Главарь разбойников в упор посмотрел на девушку:
– Под утро охранять лагерь должен был Скарлет, но он пусть отдыхает. Так что будешь ты. Через три часа после полуночи сменишь Эмиля и останешься до рассвета. Для начала с тобой побудет Дик – ты в Англии недавно, здешних лесных звуков не знаешь, и ухо местного охотника не помешает. А пока – со мной на дорогу из Ноттингема. Еще весь день впереди, дорога людная, без добычи не останемся.
– Ты позволишь мне взять чью-нибудь лошадь? Мой каурый еле живой, заставлять его сейчас куда-то скакать – бесчеловечно.
– А тебя?
– Ну, я-то догадывалась, на что иду.
– Возьми кобылу Теодора. Пресвятая Дева, она догадывалась! А я во что ввязался?
– Робин! – заворчал монах. Продолжать вслух Тук не стал, но главарь его понял – он и сам видел, что девушка совершенно измотана и держится только на упрямстве.
– Прости, – улыбнулся он Ясмине. – Прости, занесло.
Она молча улыбнулась в ответ.
– А в одиночку грабить несподручно. Так что сегодня пусть едут через лес спокойно, – начал разбойник.

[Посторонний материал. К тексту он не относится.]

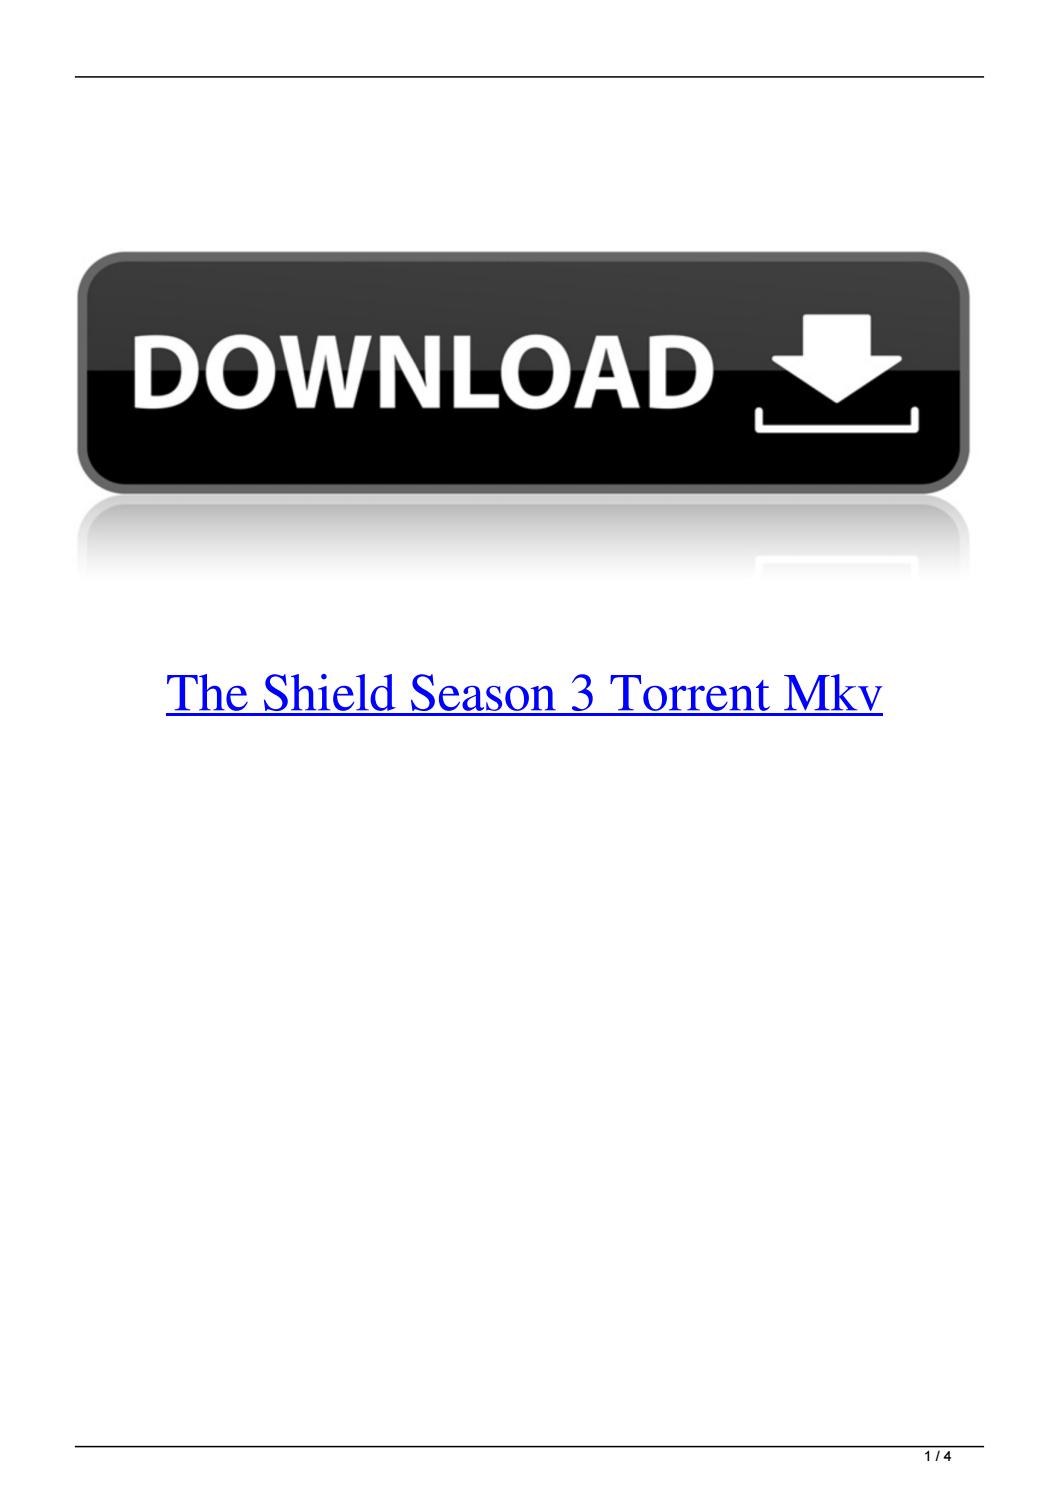 prison break season 4 torrent download kickass

Топот копыт прервал его на полуслове – к шатру во весь опор подлетел Эмиль.
– Прядильщица, – еле выдохнул он, ловя воздух. – Прядильщица из Лакстона.
– Рыженькая такая? – вскинулся Робин. – Что с ней случилось?
– Не с ней, – Эмиль замотал головой, сбившись с мысли. – Она плачет. С ее братом. Схватили. За браконьерство.
Робин тихо выругался.
– Говорил же – не попадаться! – он быстро развернулся к выходу из шатра. – Скарлет…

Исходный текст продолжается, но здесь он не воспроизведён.